This bunch of stuff:

doesnt do anything.
$chunkTotal is only used in the for loop initializer and can be substituted.
$i is defined by the loop and is moot.
$stopped is a value to be substituted,
$resume is never used.

1 Like

Yeah the send mail function uses a queue mechanism. so the function logs excesses to be resent on another day.

For the hard coding, it maintains a 0-999 array keys, using an isset() evaluation before proceeding.

even if the array gets to 500,000 and its being chunk to 1000 the code still remains perfect as nothing was altered

As far as I can tell all array_chunk does here is duplicate the array into several more arrays which you then loop one by one. So its uses more memory, but isn’t actually made any faster. If anything, using array_chunk makes it slower.

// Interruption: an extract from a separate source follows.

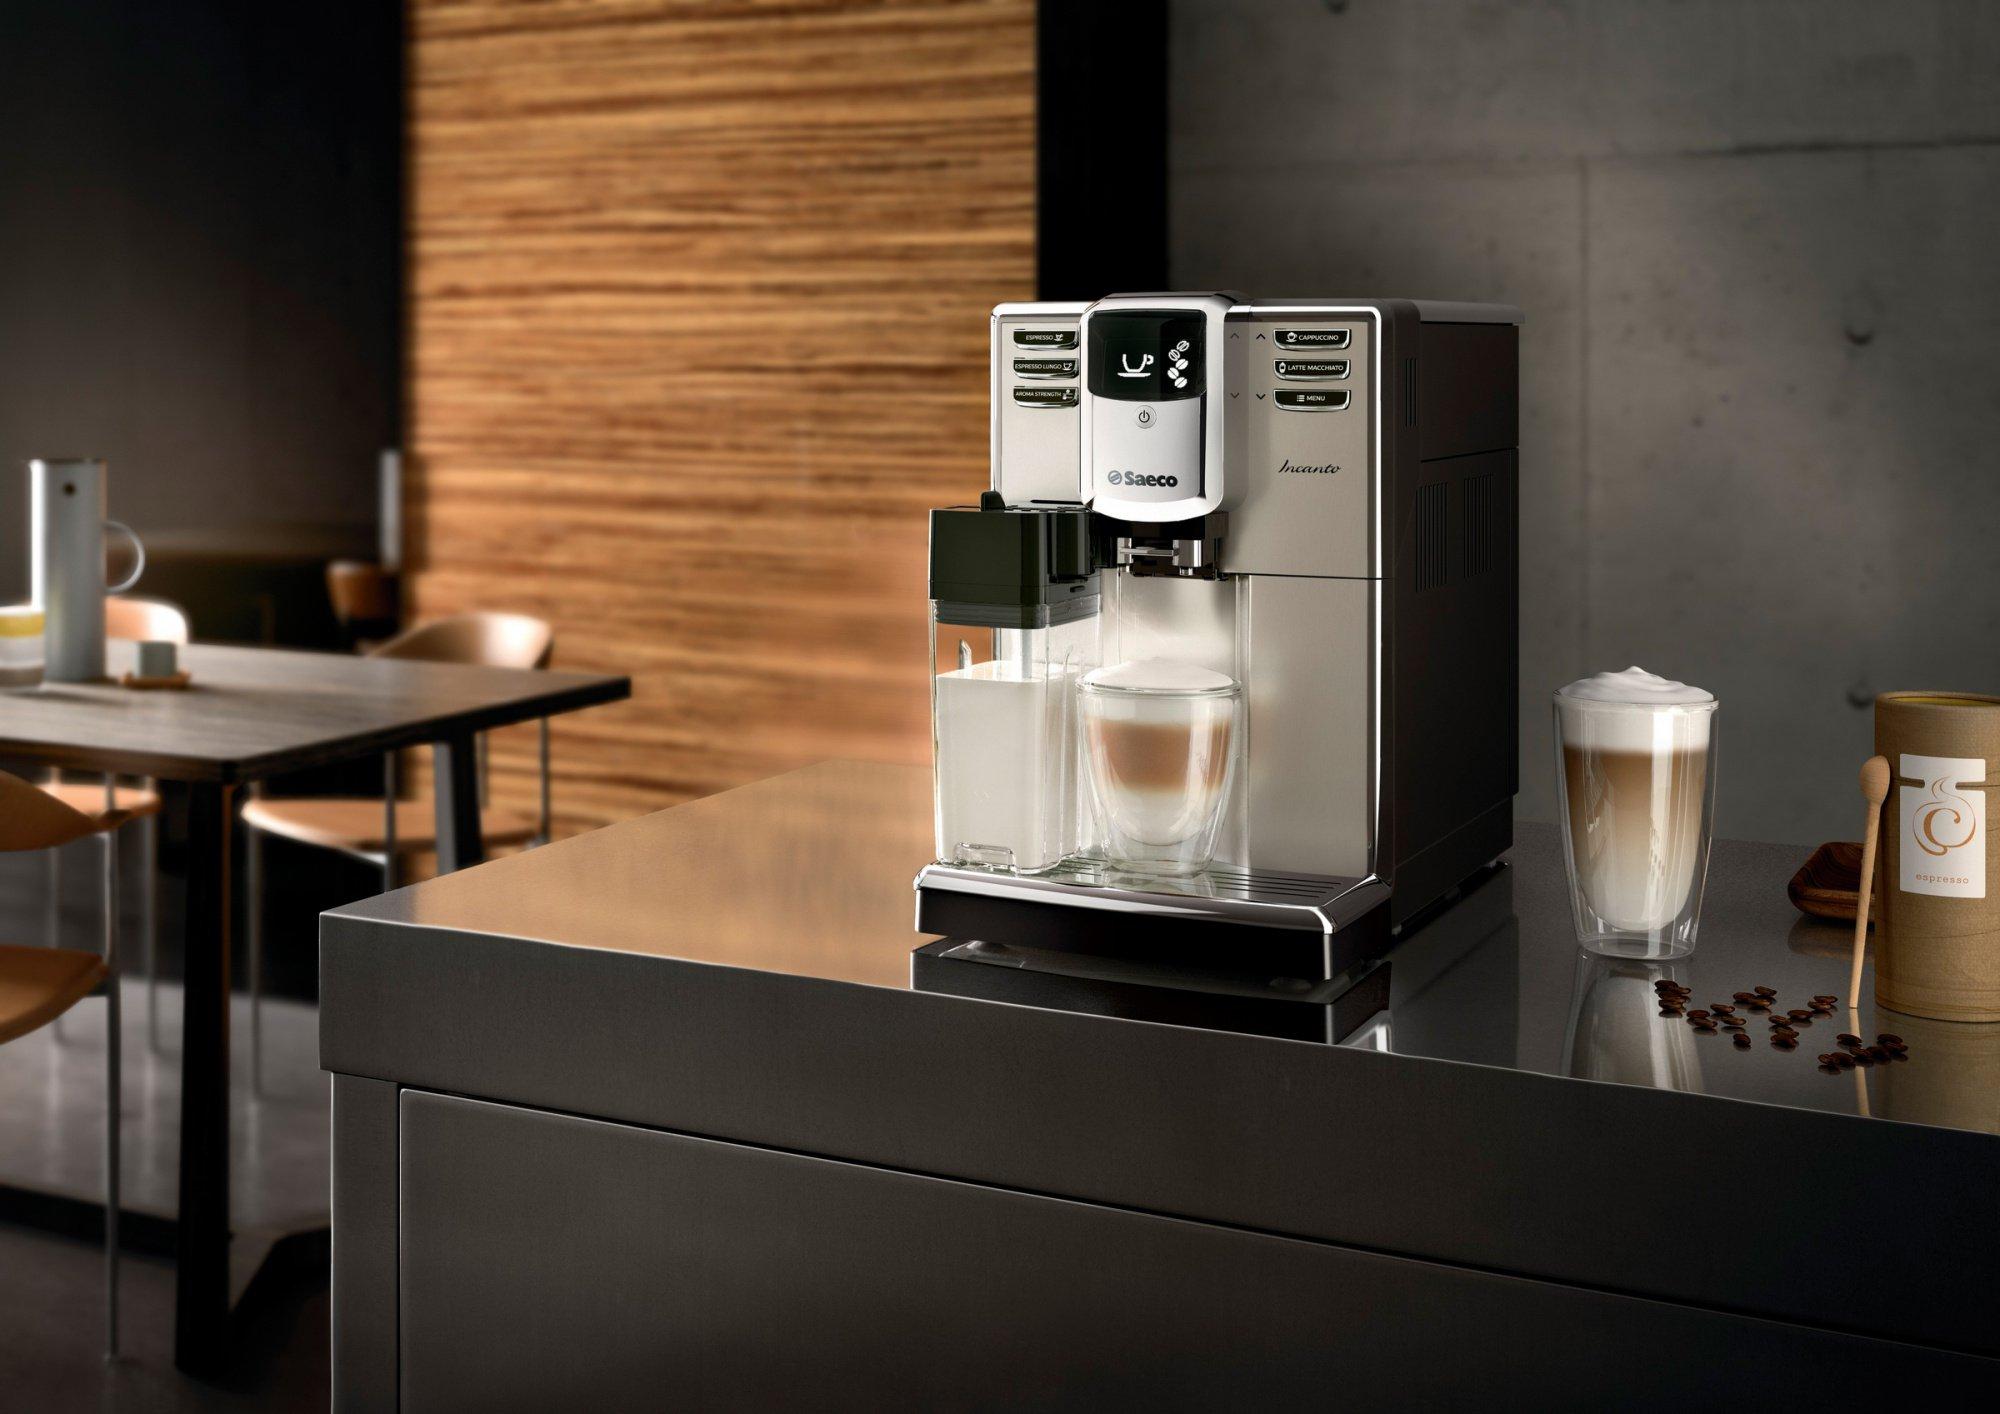 Слабый напор при подаче кофе в кофемашине

I never knew that extra variables had impacts on code or performance.

will like to know why, bcs is like am over using variables in most of my codes

This is another dimension to the whole case, am puzzled.

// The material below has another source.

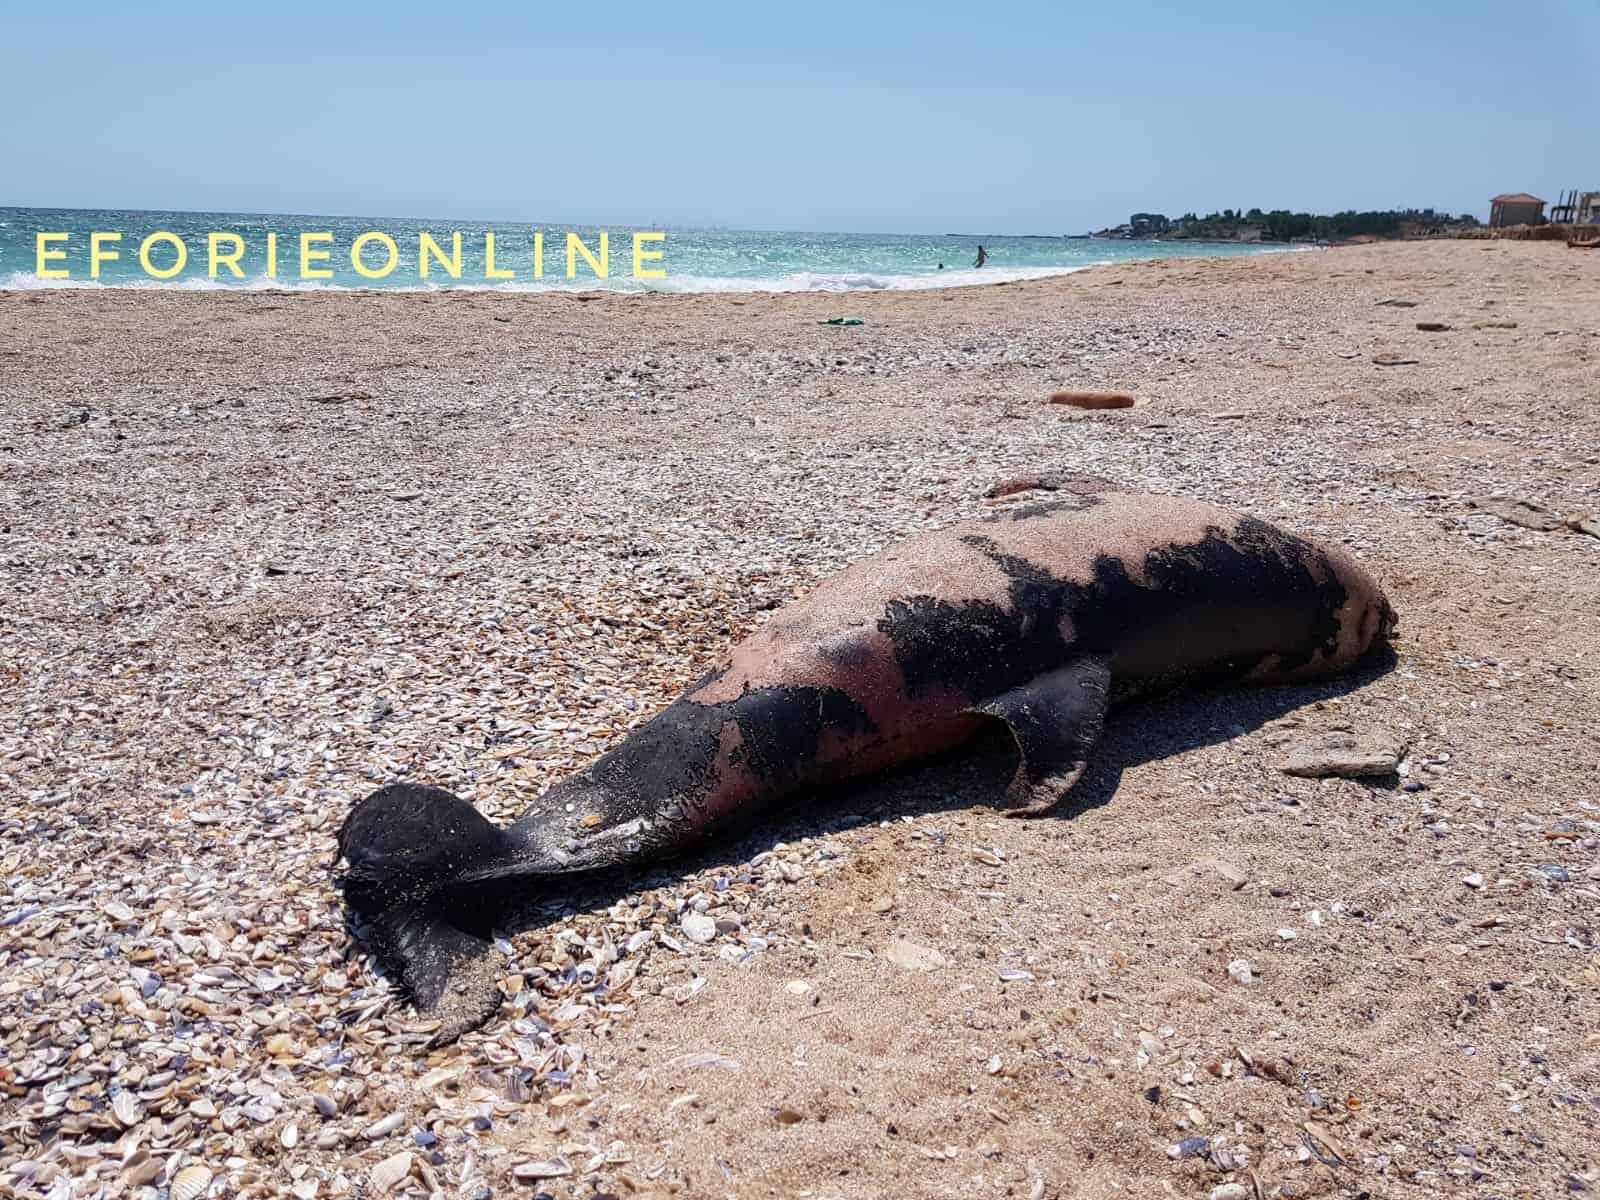 delfin esuat Eforie

Most recommendations suggests chunking into smaller parts, your remarks suggest it make performance slower.

Do you have a valid reason behind your assumption?

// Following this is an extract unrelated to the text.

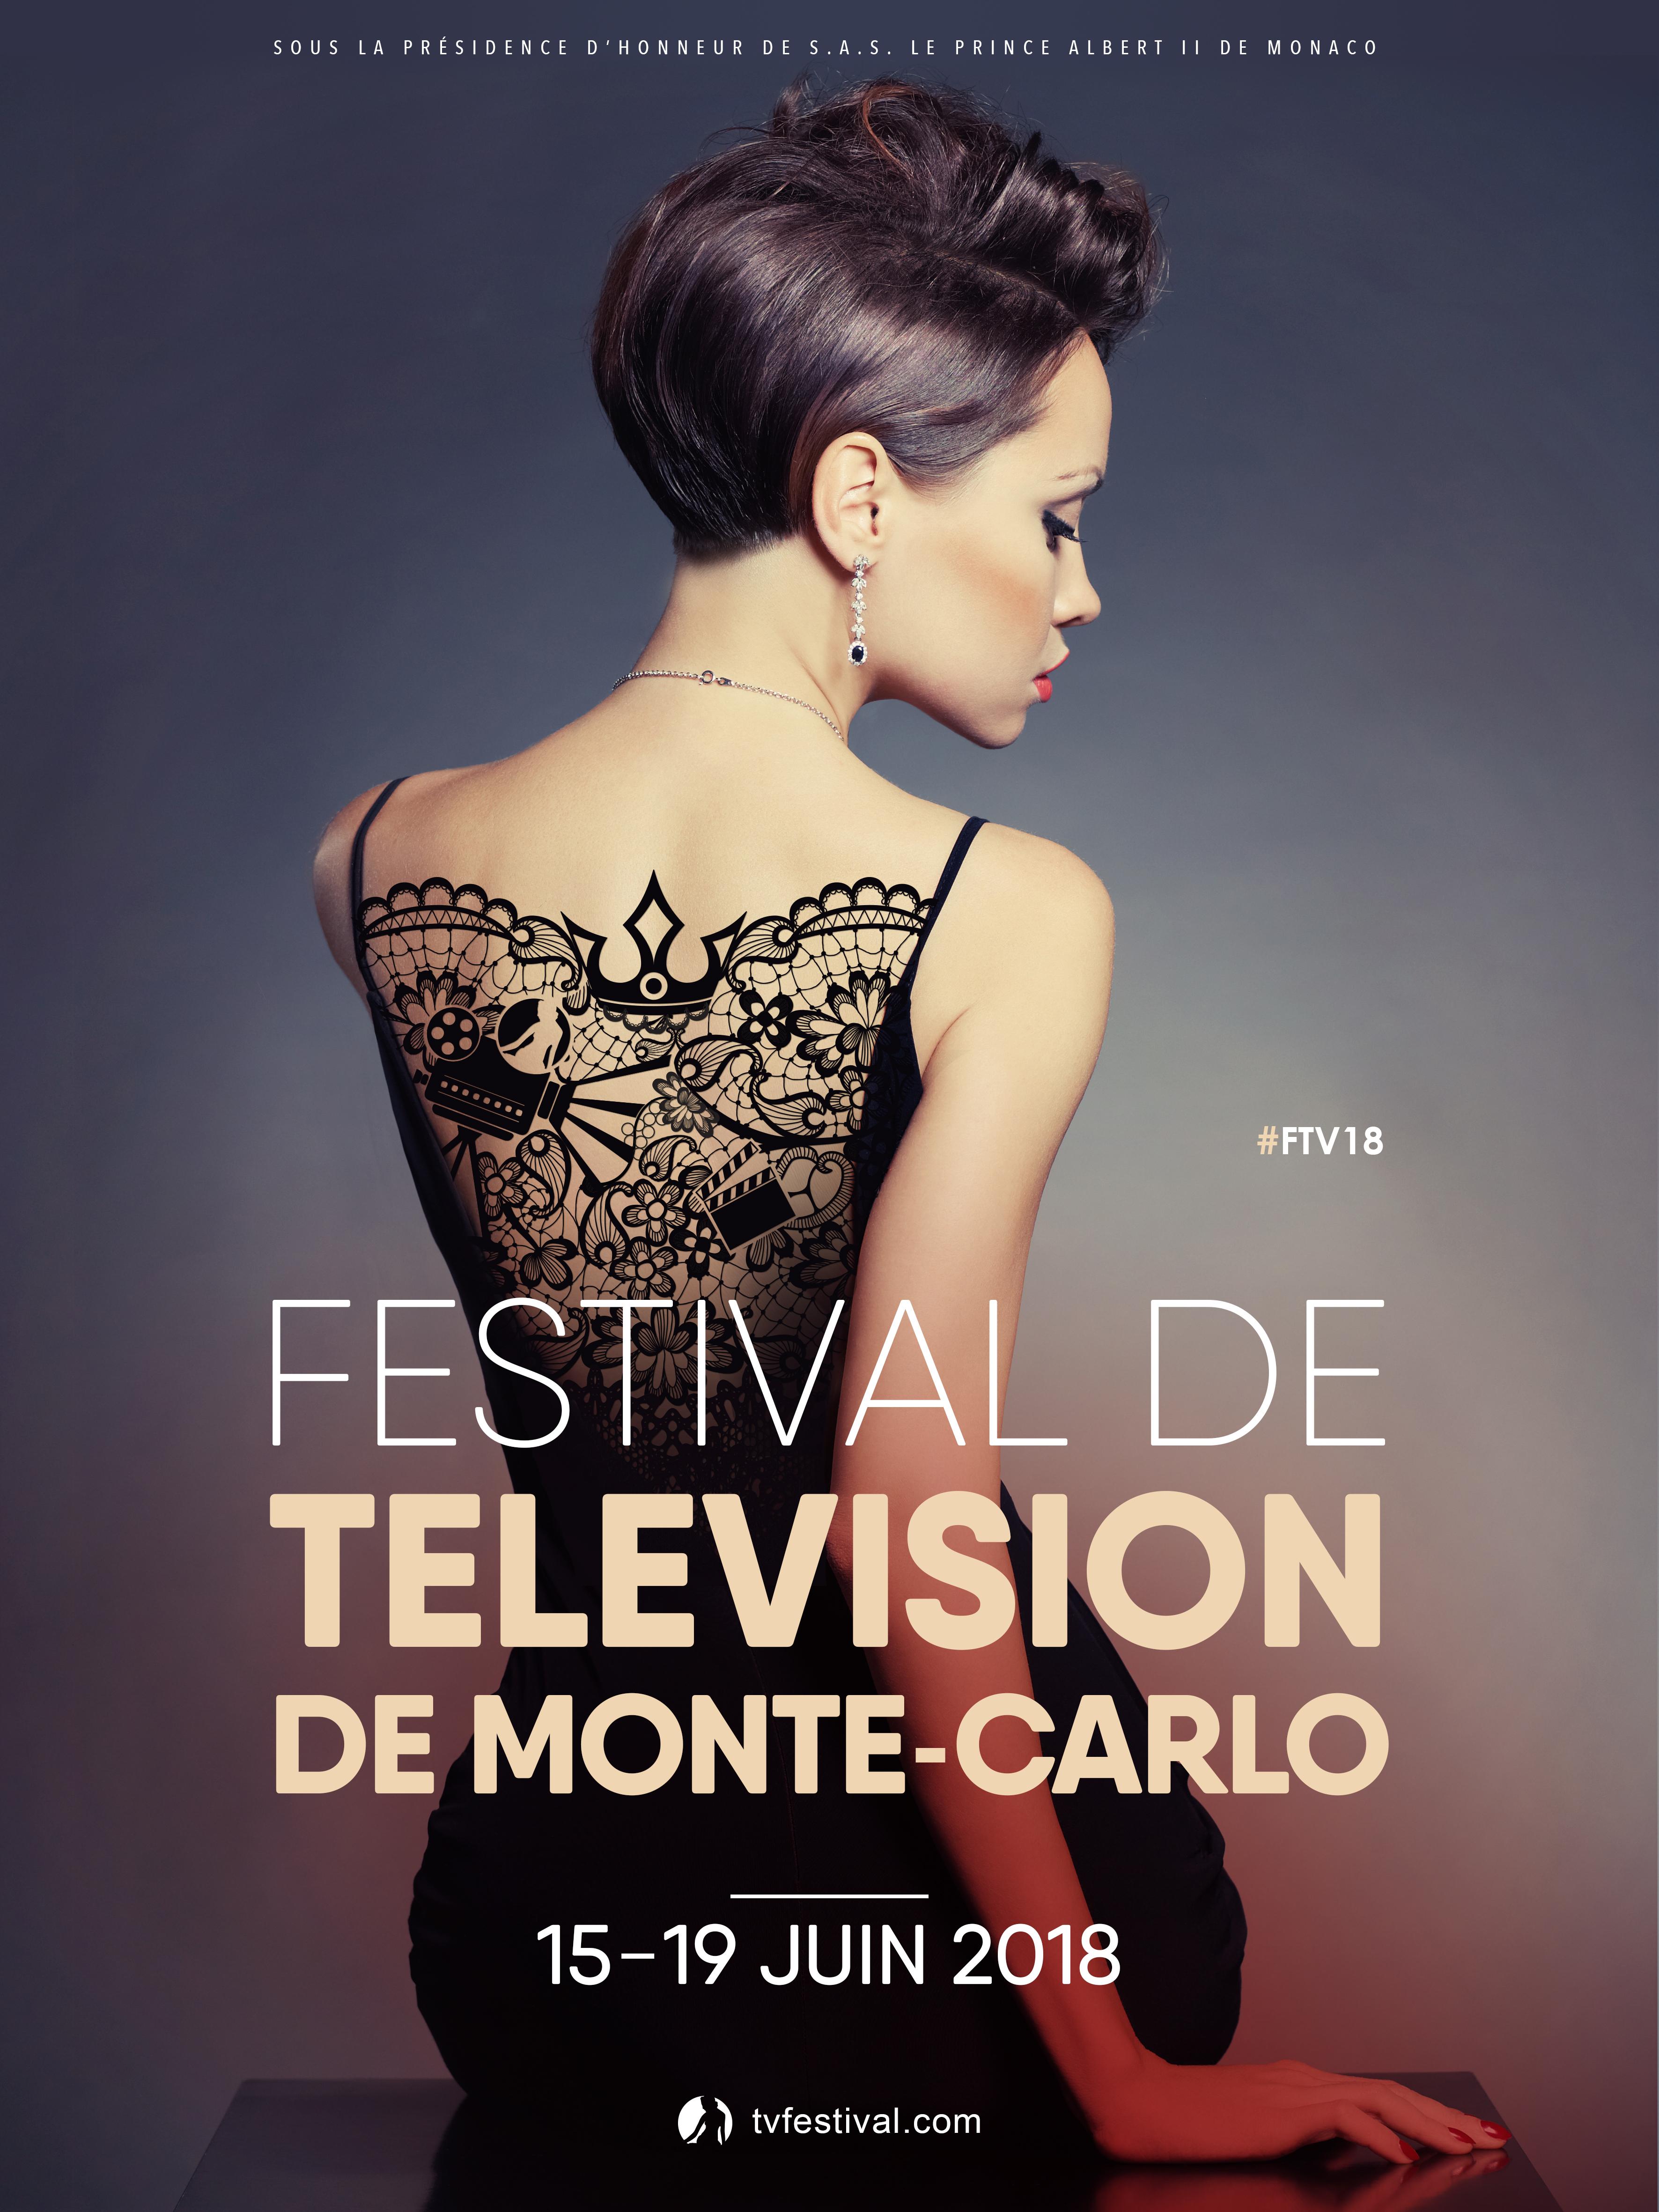 Monte-Carlo Television Festival News MONACO

When you define a variable, PHP has to put it into its variable table. That takes up space, and time to do it. It’s small - microscopically so, but it happens.

I’m guessing most recommendations are suggesting chunking it into smaller parts and operating on one chunk per execution.

Functionally, there is no difference between:

for($x = 0; $x < 1000; $x++) {
  for($i = 0; $i < 1000; $i++) {
     echo "hi";
   }
}

and:

for($x = 0; $x < 1000000; $x++) {
     echo "hi";
}

Except in the second one, PHP doesnt have to keep track of and keep changing $i.

it is used but i limited the operations to just focus on loop.

it was meant to update the session with the last $i.

then when ever the code or page is visited it gets the last stopped and continue from there.

And how does the second page visit know when the first page stopped? Or if it’s finished? What if it’s still running?

wow thanks for this, will optimize my future codes, you never can tell how much this seamly negligible units can add up to

What about escaping maximum execution time?

The two blocks of code execute 1 million (strictly, they execute more like 3.01 million, but…) operations, regardless. Execution time is based on the script as a whole, not the block.

okay let me explain the full code

  1. get the array from database
  2. start looping
  3. add each last iteration number on session, cookie or table
  4. if $i is equal or greater than $chunkTotal mark processing board as finished, and so no redirection to this page again.
  5. if by any means it stopped halfway, process boards will send you back to these page.
  6. fetch data from database again
  7. get last stopped iteration number
  8. continue processing

I just wanted to make the question directly towards looping, i should have removed the other stopped variables i added

if thats the case chunking is of no use, bcs if there are other functions below the scripts still adds up.

I was thinking execution is just one run of a function.

like
foreach()
count()
exit()

and other function locally created

even if is just to echo hi, looping over 300,000 arrays will definitely timeout

Echoing Hi 300,000 times on my server ran in 0.02 seconds.

300k arrays in lass than 0.1 secs?

thats fair enough, could be due your server or machine?

Anyways adding other small functions inside the loop is where the extra processing times adds up.

But if chunking is not affecting anything, then the whole stuff is messed up.

Because my calculations i tested 1000 and it finished in 29secs which multiplied by 10 is almost 5mins

So you need to test your code, benchmark how long it takes to run the operations you want it to run on a single value set, and extrapolate your need from there.

If the function takes 29 seconds to operate on a SINGLE record, chunking in chunks of 1000 wont work either.